Task requirements | Can you copy out the data exactly? Leave the images out.

Data shown |
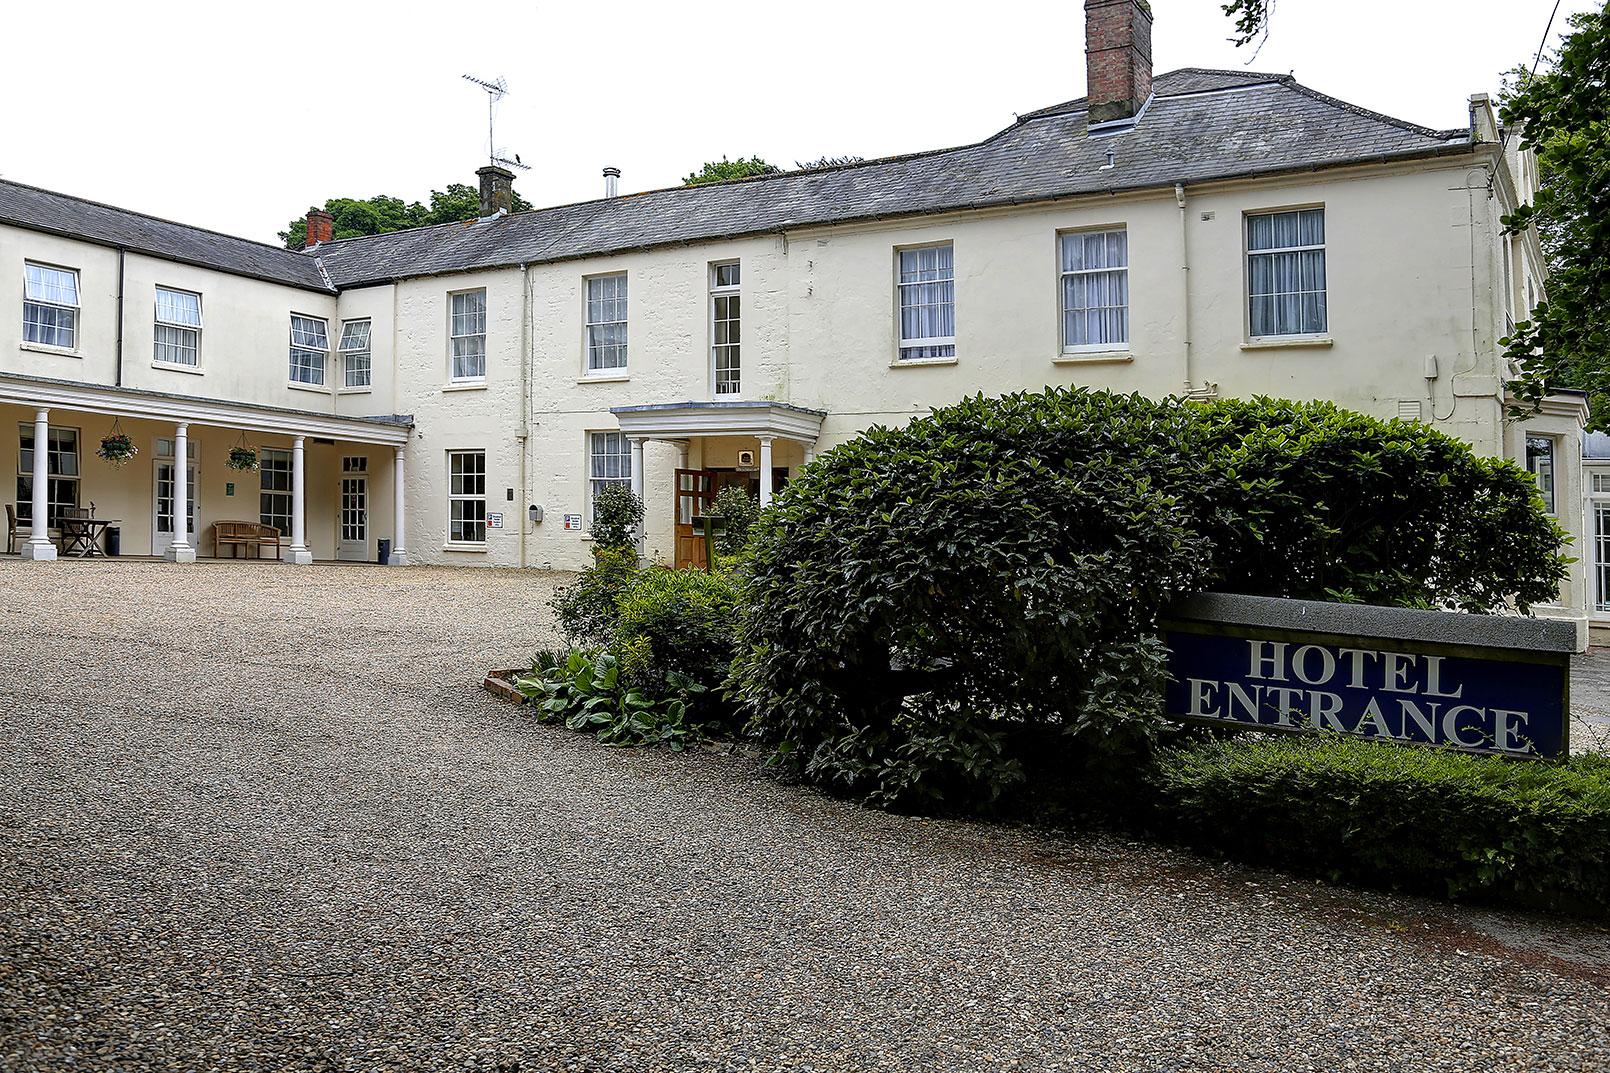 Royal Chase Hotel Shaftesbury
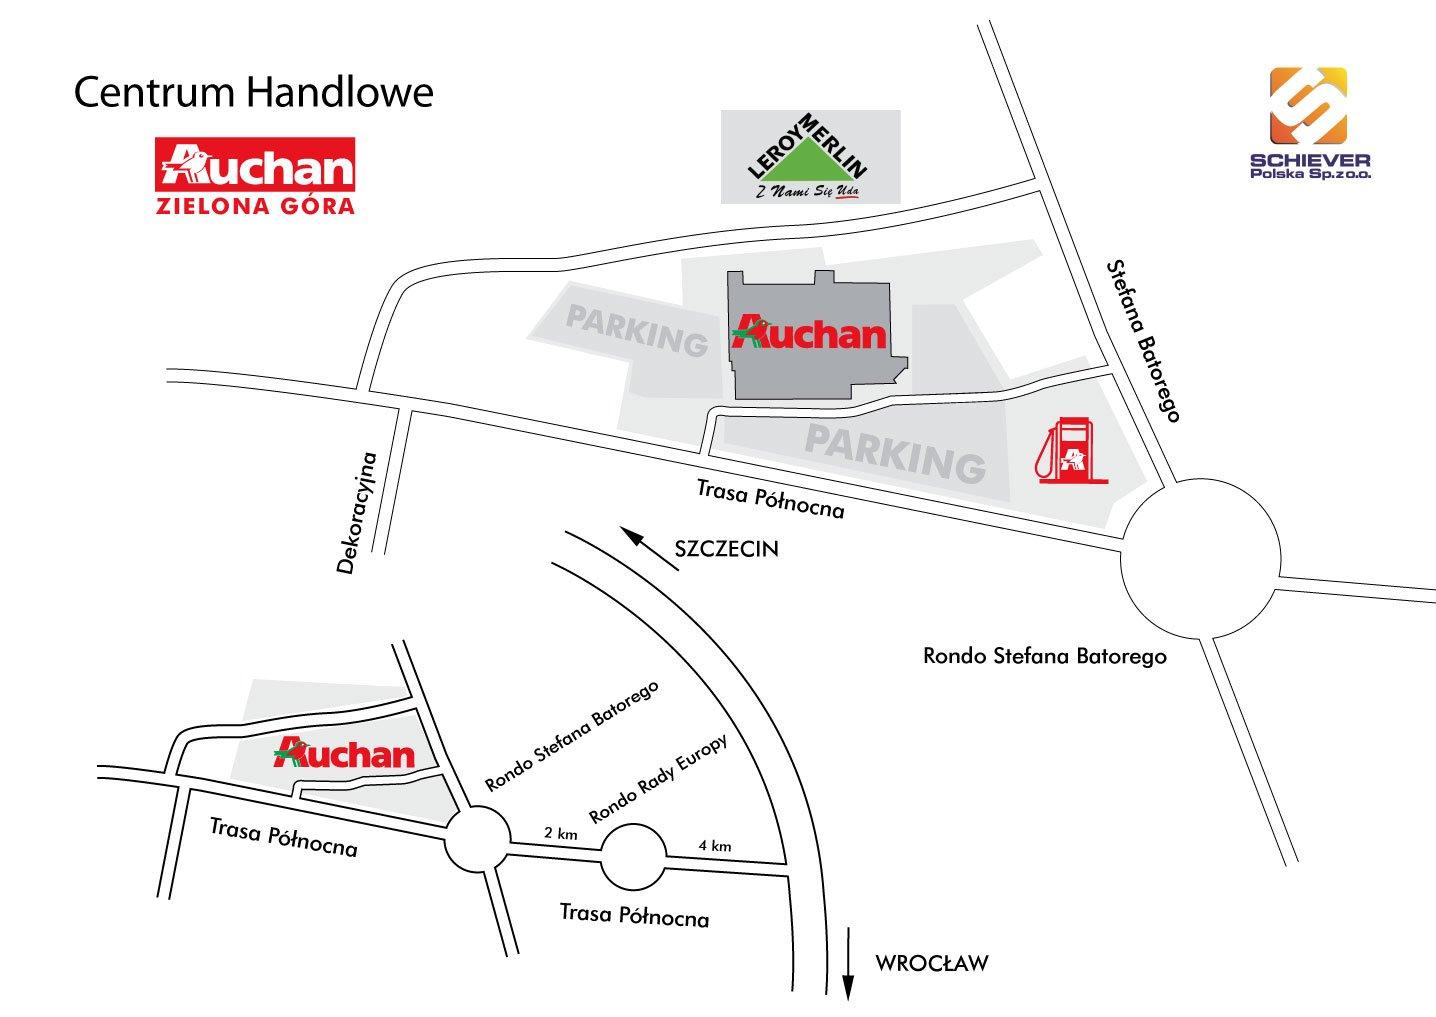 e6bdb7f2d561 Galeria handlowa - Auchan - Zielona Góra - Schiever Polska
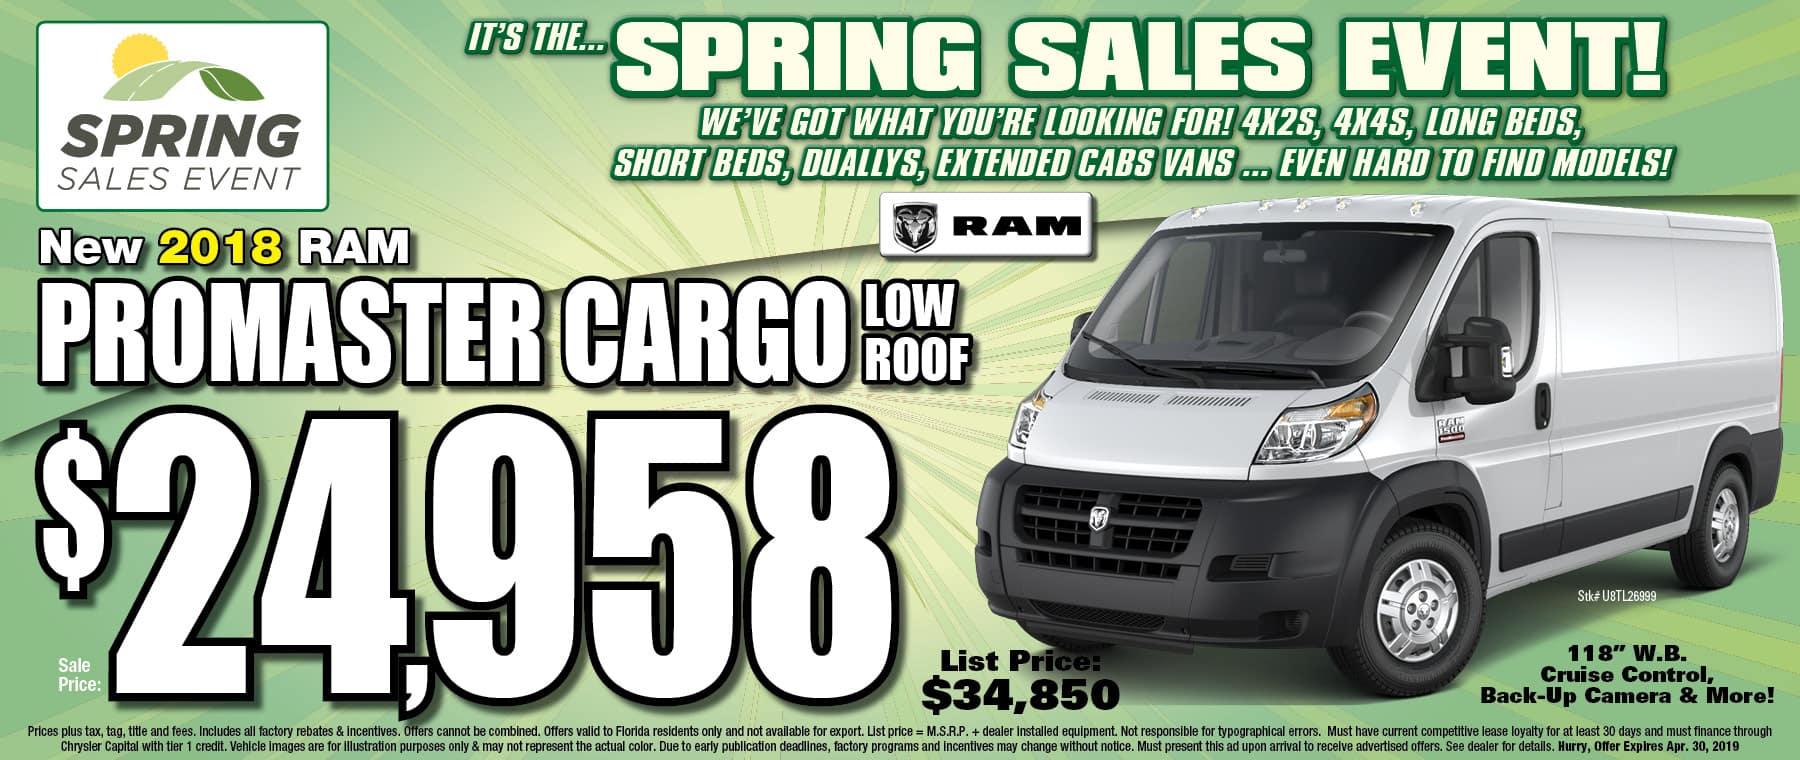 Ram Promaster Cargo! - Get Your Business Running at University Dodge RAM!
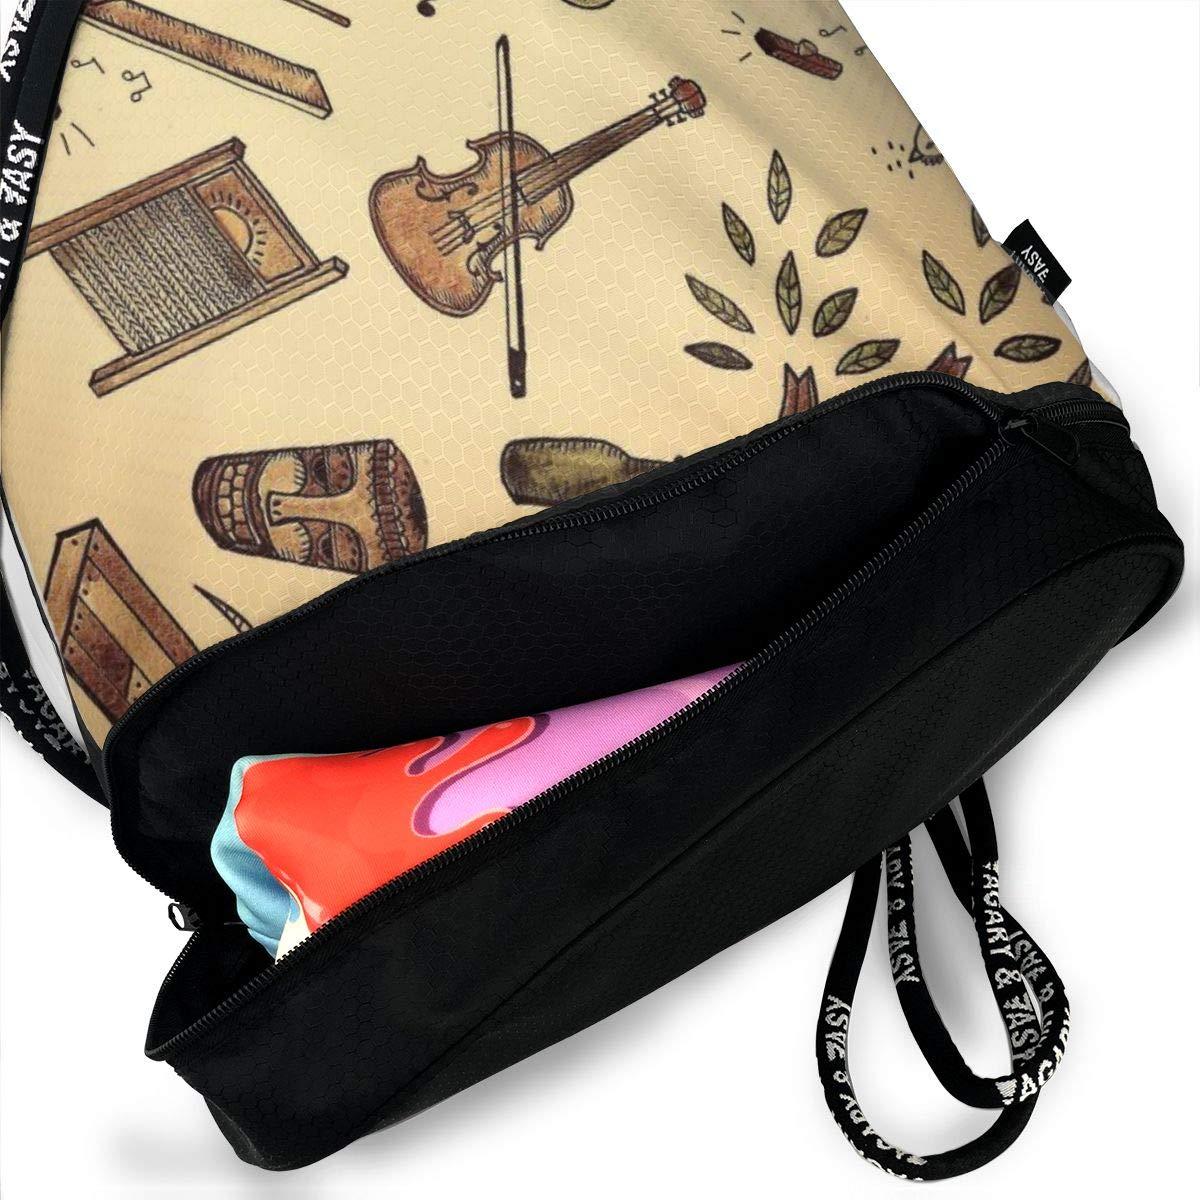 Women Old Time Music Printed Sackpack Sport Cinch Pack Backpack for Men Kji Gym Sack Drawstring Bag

Output of the exercise |
 Royal Chase Hotel Shaftesbury
 e6bdb7f2d561 Galeria handlowa - Auchan - Zielona Góra - Schiever Polska
 Ram Promaster Cargo! - Get Your Business Running at University Dodge RAM!
 Women Old Time Music Printed Sackpack Sport Cinch Pack Backpack for Men Kji Gym Sack Drawstring Bag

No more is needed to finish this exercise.